Examples of genome relatedness within the double-clustered structure of the viral sequence space organisation. Full-length nucleotide (a, b) and amino-acid (c) alignments of representatives from DNA-VCs of two P-VCs are shown on the left side of the Figure, the degree of homology between aligned fragments is colour coded. All genomes presented are complete, if not stated otherwise. The dynamic changes in abundance of these individual genomes are shown on the right (d). (a) Genomes preserving nucleotide homology between different DNA-VCs within a single P-VC. Two upper genomes were clustered into one DNA-VC, whereas the other nine genomes belonged to different DNA-VCs within one P-VC_2. (b) Genome alignments of three members of DNA-VC-20. (c) Genomic map of protein similarity (tblastx) between three representatives from different DNA-VCs (including DNA-VC_20 from panel b) within a single P-VC_20. These genomic sequences do not have nucleotide homology.

The temporal dynamics of the clusters adds a new dimension to our understanding of viral biodiversity. We explored how contigs, the majority of which had distinct seasonality, were distributed between clusters and found that large P-VCs (with >20 partial genomes) persisted during the year, although they could include DNA-VCs with specific seasonalities. Thus, although certain genetic variants could appear for short periods only, the group of viruses they belonged to could be detected throughout the whole year. At the same time, smaller P-VCs could be abundant only during particular periods of the year (382 of all P-VCs, that is, 52.2%; 51 of these included >4 contigs, Supplementary Table 3, sheet 1) and one-third of these (131 P-VCs) were undetectable by metagenomics technologies in other periods (Materials and methods section). Moreover, we found that about one-fifth of all P-VCs (164, 22.4%) were undetectable at specific time points.
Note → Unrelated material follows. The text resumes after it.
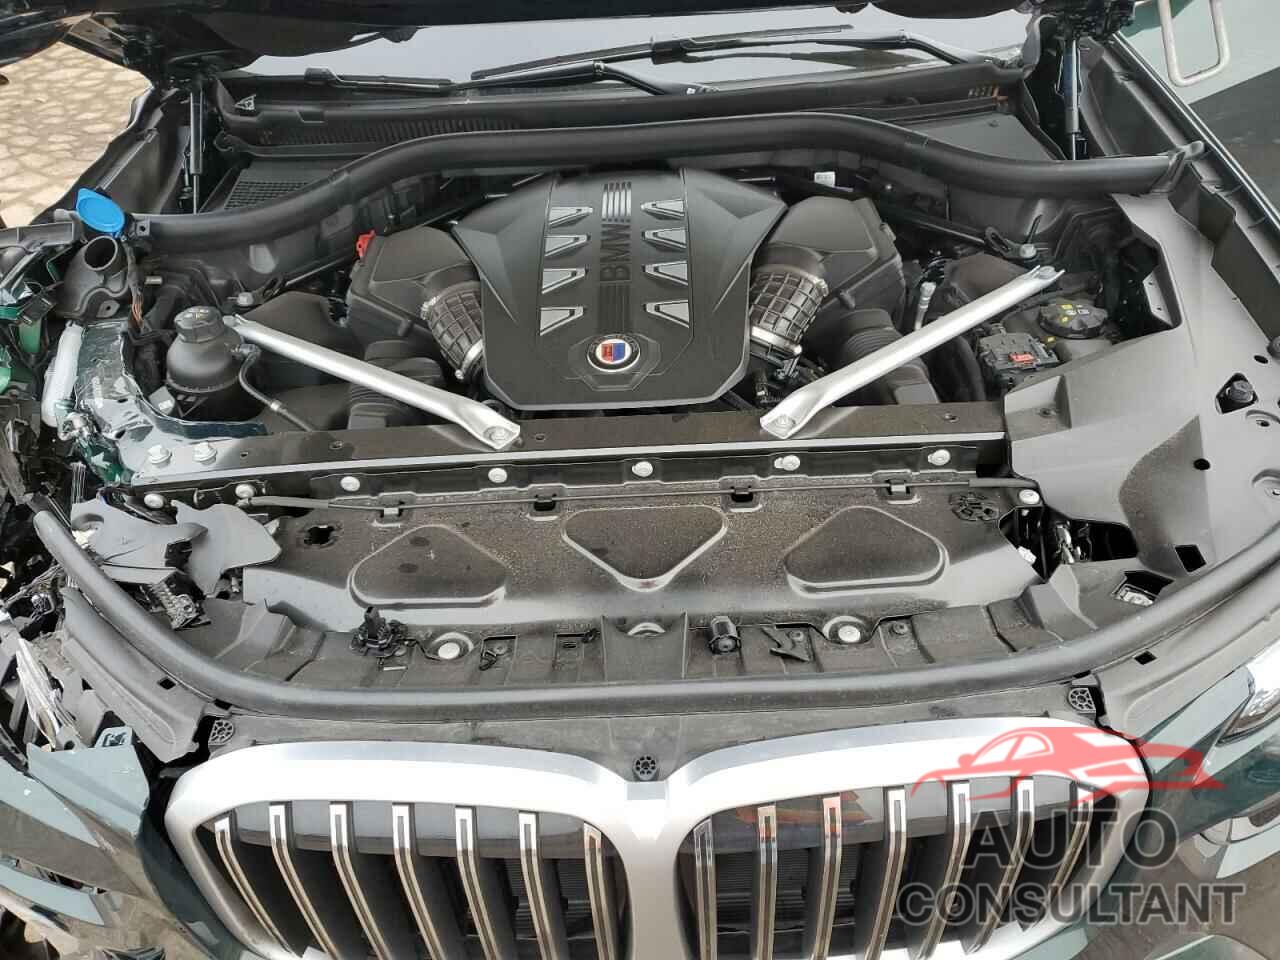 BMW X7 2024 - 5UX43EM15R9S83253
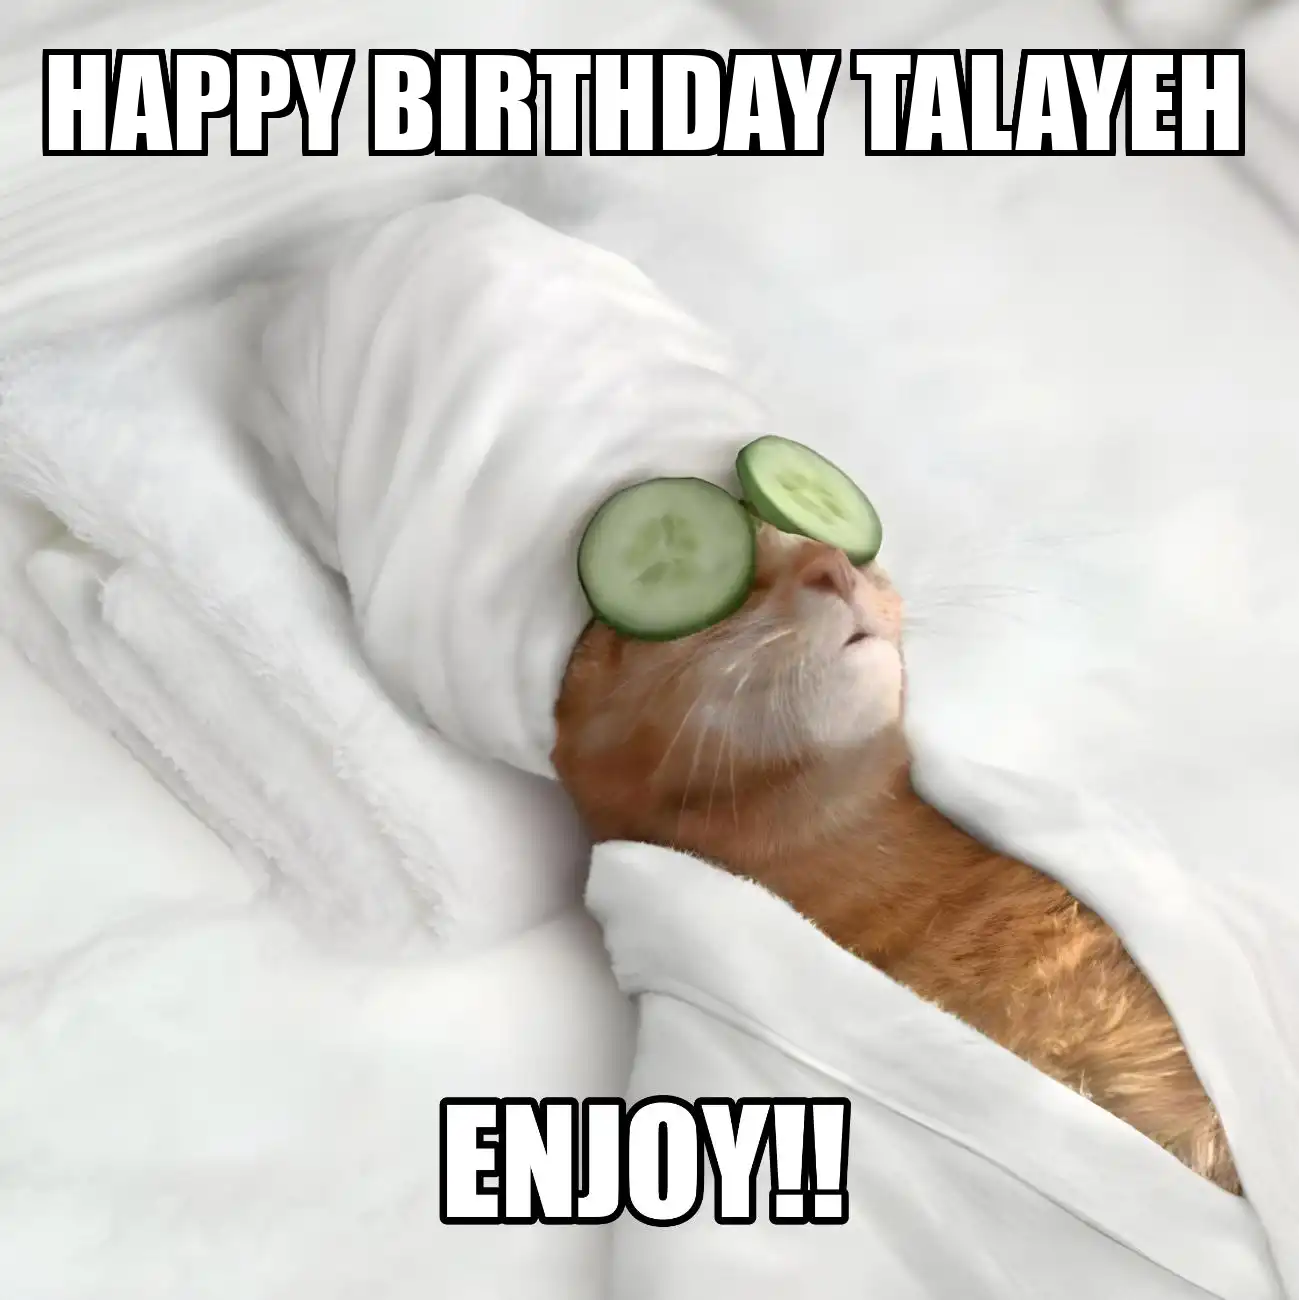 Happy Birthday Talayeh Enjoy Cat Meme

Identification of related sequences among known phages

To identify how the de novo assembled contigs were related to known viruses, complete viral genomes from RefSeq were seeded to a standard reticulate classification (see Materials and methods section). We also included in the analysis 488 long contigs (>10 kb) assembled from nine published viral metagenomes originating from freshwater environments in different continents (Europe (Roux et al., 2012), North America (Green et al., 2015; Watkins et al., 2015), Africa (Fancello et al., 2013), Asia (Tseng et al., 2013), Supplementary Table 1, sheet 2). The fact that only 48 RefSeq viruses were assigned to reconstructed viral genomes (Supplementary Table 3, sheet 3) and 18 of them included in 19 DNA-VCs from our data set reveals just how limited exploration of freshwater viral diversity has been. Among these were eight species of Cellulophaga phages, eight Pseudomonas phages and seven cyanophages. We also identified one contig with similarity to an algal virus virophage—Phaeocystis globosa virus virophage (Supplementary Table 3, sheet 3). The seeding of long contigs assembled from other freshwater metagenomes allowed us to determine that 106 of them (21.7%) were related to the viruses in Lough Neagh (Supplementary Table 3, sheet 1). In total, 69 DNA-VCs (from 40 P-VCs) recruited contigs from other freshwater environments. One of the P-VCs (P-VC_19) seemed to represent a ‘core freshwater cluster’ of genomes, as it recruited viral sequences from five freshwater reservoirs from very distant sites: Lough Neagh (British Isles), Lake Michigan (North America), Lakes Pavin and Bourget (Continental Europe) and the Feitsui freshwater reservoir in Taiwan (Asia). Several sequences from this ‘core’ cluster were related to Cellulophaga phage 46:1 (Holmfeldt et al., 2013) (Supplementary Table 3, sheet 1).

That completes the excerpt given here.